FROM WASTELAND TO WILDERNESS
"The clearest way into the Universe is through a forest wilderness." - John Muir
In some places, the banks of the Merrimack River offer a view that might convince you of wilderness, surrounded on all sides by the natural world. However, not far from the place where I took this picture lies a gigantic, sprawling, overbearing spaghetti tangle of on and off ramps leading to the highway, a major artery heading south into Boston and north to Manchester. I can hear the cars at night and early morning from my house, something I couldn't experience when we lived in Vermont. I'll take the wilderness, even though it can be strange and a little scary at times, over the urban or suburban "wasteland" any day.
So what about the "wasteland"? Let's start there. Because it's where I've been. To some people, our modern world is a wasteland. Heck there is even a poem about it. T.S. Eliot's poem The Waste Land is a maddening, disquieted and fervorous lamentation of the dying (or dead) heart of modern Western life. Click here for a Guardian newspaper article that summarizes that poem as a "the radical text of a wounded culture."

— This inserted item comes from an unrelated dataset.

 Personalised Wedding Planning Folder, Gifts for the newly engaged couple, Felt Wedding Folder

'It is a poem in which polluted rivers, and canals by the gasworks, are the barren landscapes undone by wrongful acts and unasked questions in Arthurian legend. What was old and fine has become sinister and distorted and changed; what is new is cheap and vulgar and shoddy –"we are in rats' alley / where the dead men lost their bones".' - the Guardian, April 17, 2014
If I believe what I wrote in my last post that "what is within is without" and "what is without is within", then one could easily imagine these images of wasteland as reflecting our internal state of affairs - an internal wasteland where the river of spirit no longer flows or is dammed up and the beating drum of our heart is stilled. That's how I feel and have felt for the last three years since moving to Massachusetts. And, it's not just because I moved from a beautifully scenic state (Vermont) to a concrete-covered suburb of Boston [although that can be partly to blame and is an easy target for such blame - here's a picture of my commute!].

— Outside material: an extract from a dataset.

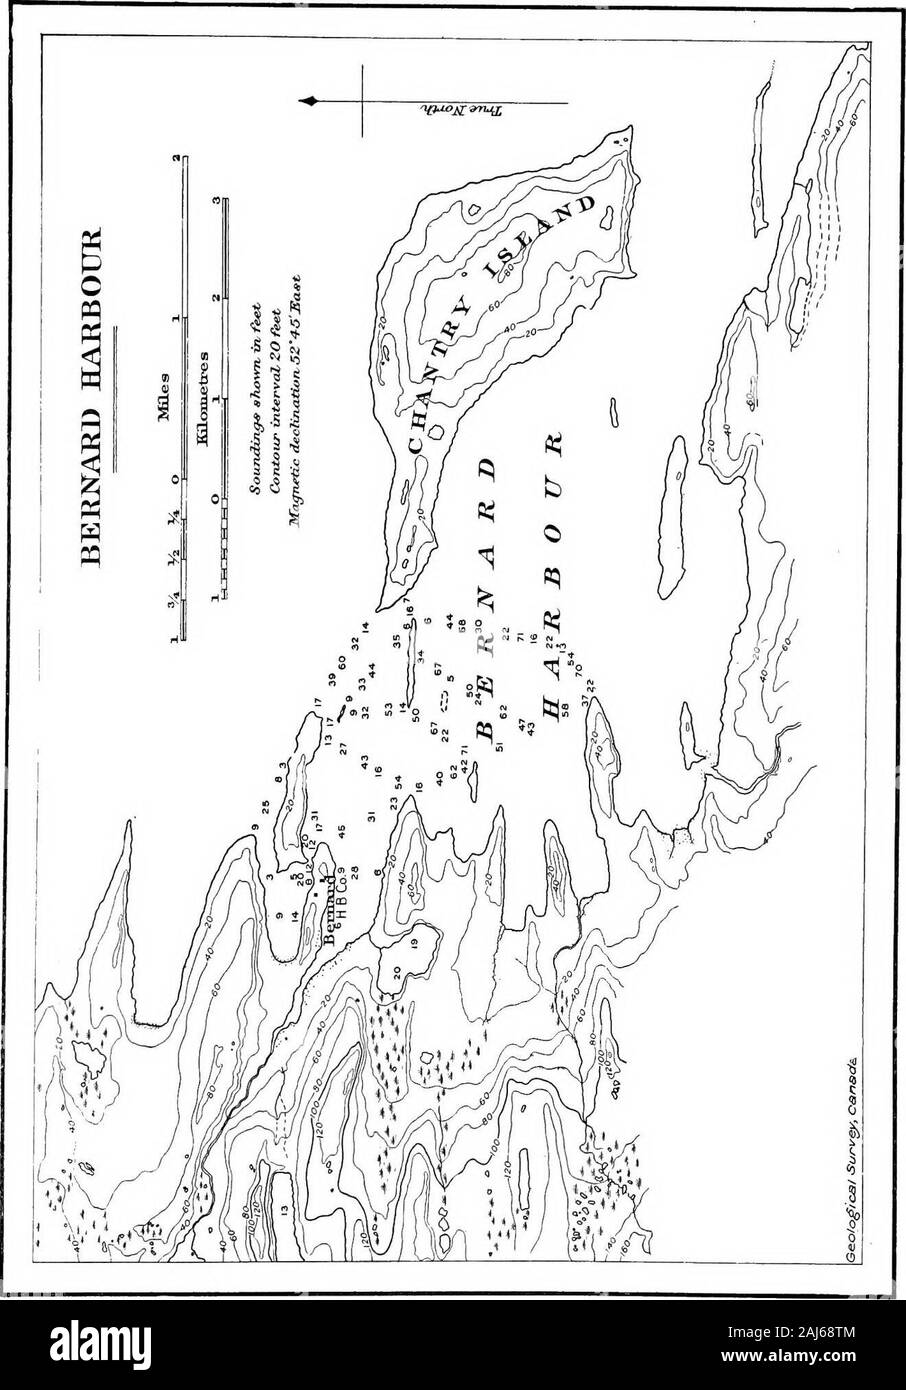 Bericht der Kanadischen Arktis Expedition 1913-18. Grantley Harbor, Alaska, von Commander Trollope 1854 befragt. Von Admiralty Chart No. 693, Yukon Eiver zu Point Barrow, einschließlich Bering Strait. Sondierungen in klafter. Krustentiere leben n27? Platte^^^^^^^* fy_i-^/f ^-;! j.^^ 1y (CJ^^-rt/-?-{^-. ^-^ Ich iM Js-^^^~~-: 5^1 IN-H/V M-. isi % •*^^ U-? Ohp-..5: ..,,,,^o--_w s I • "Q, /-^&gt;.* r ID IH C (0 Ctf i c (&lt;^o^*^^t" "^** "^^a-"V f o 1-1/o Ich/^C f 2 -- e d u • s." ^__^ E. Y^^^^^^^^^^^^^-1 V ".." RF-K^1f Il f^r-[/iL Stockfoto

So, yes, it's partly the commute and the concrete that makes me feel like I live in a wasteland. But, it's also in part the "vibe" of the place (it's suburban), lack of wooded places to walk, and the fact that I lack a "tribe." Sure, I have some family here now (and I'm thankful for that!) but I spent 10+ years building a tribe in Vermont! They were like home. And, now, although I could visit (and have) we are no longer relevant in one another's lives in the way that we used to be.
Add all of the above to the pot, bring it to boil and then - oh, don't forget. Add to the soup of changed scenery and loss of tribe the key ingredient...trauma and mid-life. And, so we turn to Dante:
"Midway on our life's journey, I found myself in dark woods, the right road lost. To tell about those woods is hard - so tangled and rough." - Dante's Inferno. Canto I.

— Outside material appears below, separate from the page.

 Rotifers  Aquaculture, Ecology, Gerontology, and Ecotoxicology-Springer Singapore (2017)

Trauma and mid-life go together like PB & J. Not as delicious though. While I won't get into the trauma details for me (some things are just too personal!), the combination of a drastic jolt of news and a lickety-split move, all during the tumultuous time of mid-life, can be enough to raise the white flag of surrender! And, in that surrender, I realize that my internal state of affairs had become like an internal wasteland. I liken it to a sensation of dying a slow, internal death. But, it's not all bad. There's a silver lining. It's painful enough that I've learned to read it like a wake-up call. Like a heart attack is to the body, but instead an arrest of the spirit. It's the psyche's way of sending an internal signal to wake up and make some changes. Pull back, take a different path, go faster, go slower, turn right, or turn left, add more or subtract. Deepen, widen, breathe, reach out, explore, trust, adjust. Adjustments. Adjustments need to be made in order to move fully in heart, body, soul and mind into the next half (God willing) of life.
So, if the goal is to move away from the internal "wasteland", then towards what? My response, for now, is "wilderness." I've been walking in a small patch of "wilderness" in my neighborhood. And, when I go, I walk it for at least 45 minutes if not longer. And, that little patch of "wilderness" has been a saving grace for me.
It's not just a habit or a routine, it's a ritual. And, for every lovely ritual there is a mythology. What's my mythology? Not sure yet; I'm slowly discovering it here. Walking this path (and the circular leafy path that branches off of this main paved path) is akin to walking my own internal path, not yet named, not yet identified, not yet completely understood. When I walk the circular leafy path, I imagine the space inside the circle being a wellspring of natural magic with the capacity to rejuvenate and restore me. I've even walked a circle in the snow and then gone to stand in the middle "just cuz." I know full well what I'm doing. I'm exploring and getting to know the Self. So, it seems to me that I have to walk this "wilderness" over and over again to find my source, to get to know my Self, to find my true path in life.
Along the way, I notice things. I become reverent. Observant. The entryway to the circle path is marked by a fallen tree (shown below) and a rotting tree that is upright with a series of majestic mushrooms. I have to bend under this tree to get by and have started to give it a little heart-center prayer sign (a little bit of namaste goes along way) when I go through. It's just enough of a ritual to make the walk pretty darn cool.
The walk is kind of like this: Have you ever had a dream where you go to a house that is familiar and there are extra rooms that you never new about? Jungian psychology suggests that house dreams are references to the "Self". The house is your Self; and the rooms in the house are the parts of your Deepest Self you didn't know existed. Usually, those rooms are the coolest rooms there are and you want to stay there...forever!
This circle path is kind of like that. I didn't know it existed until just this winter when I started walking (a lot). When I found it, it was like an extra room of my "Self", so I make nice with it and cross the threshold (or duck under it) with reverence every time I pass.